A Memoir Shouldn’t Preach

Started talking to an enthusiastic new author yesterday, and the work ties nicely into this blog. Here is something you might already know: show don’t tell. Though I think the concept is better expressed: experience, don’t philosophize. Show don’t tell is a writing tip you can get in any book or site dealing with writing basics, but let’s take a look at how the old adage applies to writing (or ghostwriting, in my case) a memoir or any first person account of events. Keep in mind that I’m assuming you aren’t writing a book of essays but a book that you want to read like a novel–something where the characters grab you, suspense builds, and readers are eager to turn that page and see what happens next.

Often, a first draft will be chock full of sections that are essentially essays. This is where the author steps outside his story and talks about how he believes people should live. For instance: watch less T.V., play more sports, have more adventures, value friendships, take your mother’s advice, live for the now, think about the future. The list goes on. These topics might sound trite, the way I’ve listed them here, but really they’re not. Each writer has his or her unique viewpoint on such advice, based upon unique life experience, which is what makes these messages fresh and unique each time they are reworded and expressed in a new way. Take Keith Richards’ memoir, Life. The message, if you ask me, is simply: life is all about friendships. He is certainly not the first person to say that, but the message sounds completely new coming from his perspective.

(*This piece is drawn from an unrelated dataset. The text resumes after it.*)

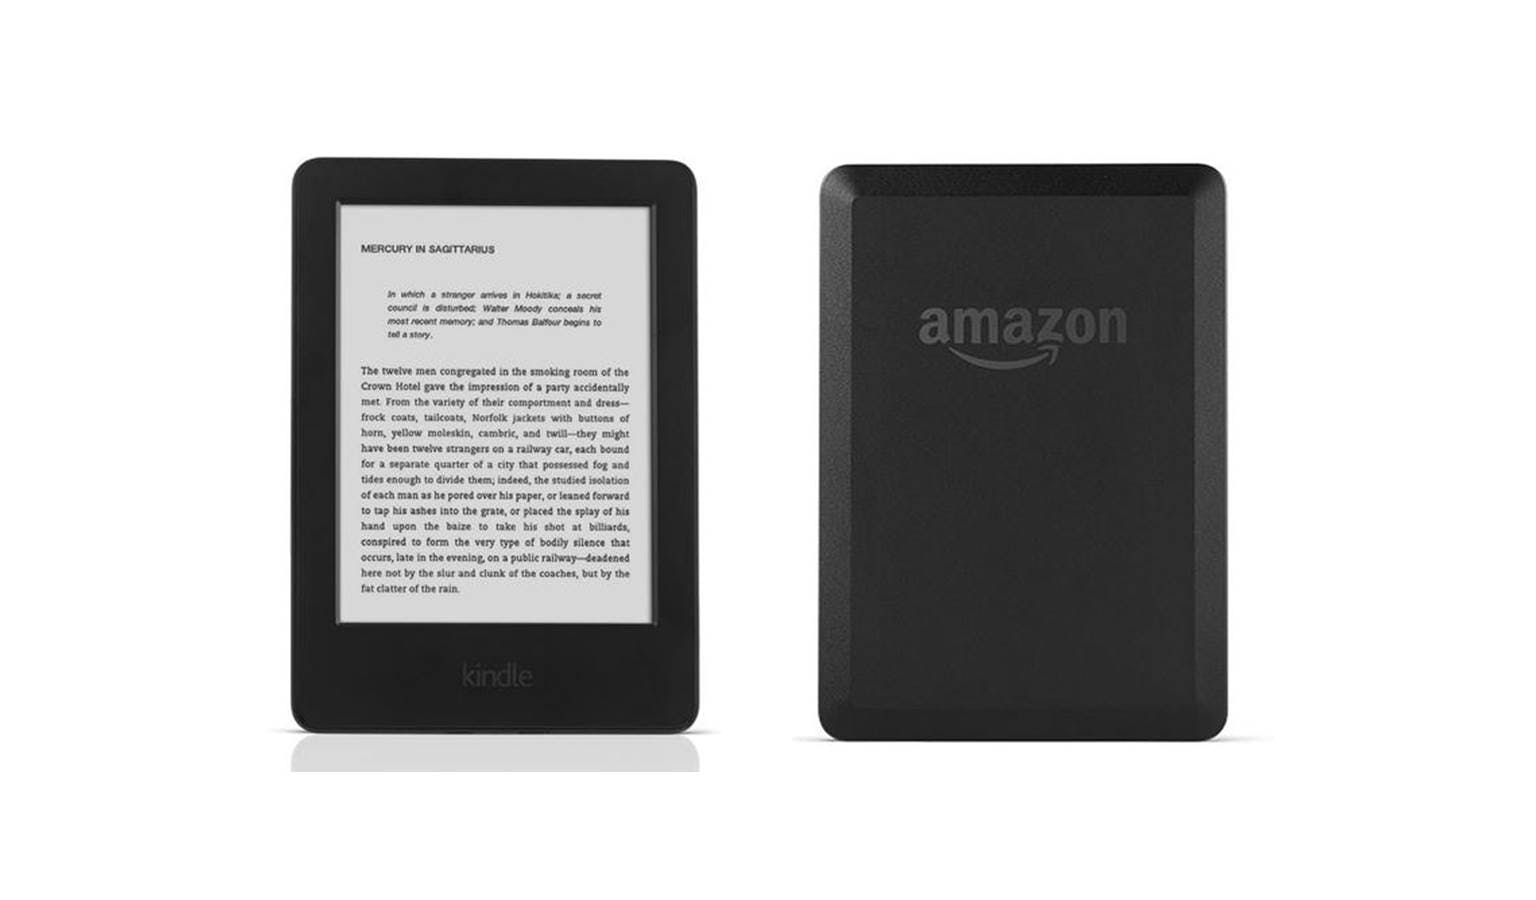 Amazon Kindle Paperwhite Generation 7 - Black

It’s important to include these essays in a first draft because it helps you work out what your book is really all about, at its core. But once your first draft is finished, your best bet is to go back through the book and separate the sections that are essays from those that are part of the actual story. Highlight or cut and paste into a separate document. Whatever works for you. Then simply read each essay individually and ask yourself, “when did I learn this lesson? What experiences taught me this?” Your next job is to write those experiences into your memoir so that the reader lives them with you and learns the same lesson you learned. You want to stay away from telling readers what to think, but rather guide them through your life, and they’ll have to see the world from your perspective.

Essays are, pardon the expression: easy. They really are. Here is what I think! Everyone pay attention! And essays have their place, but that usually isn’t in the middle of a memoir or novel. If you want your memoir or novel to have a message, let the characters’ lives embody that message, and never state it out loud. The human brain is programmed to learn by deduction. If this happened, what does it mean? If I failed while doing my best, how can I make a paradigm shift in how I see “my best?” We’re basically natural-born scientists. So let your readers make these deductions for themselves by experiencing your life, day by day or event by event.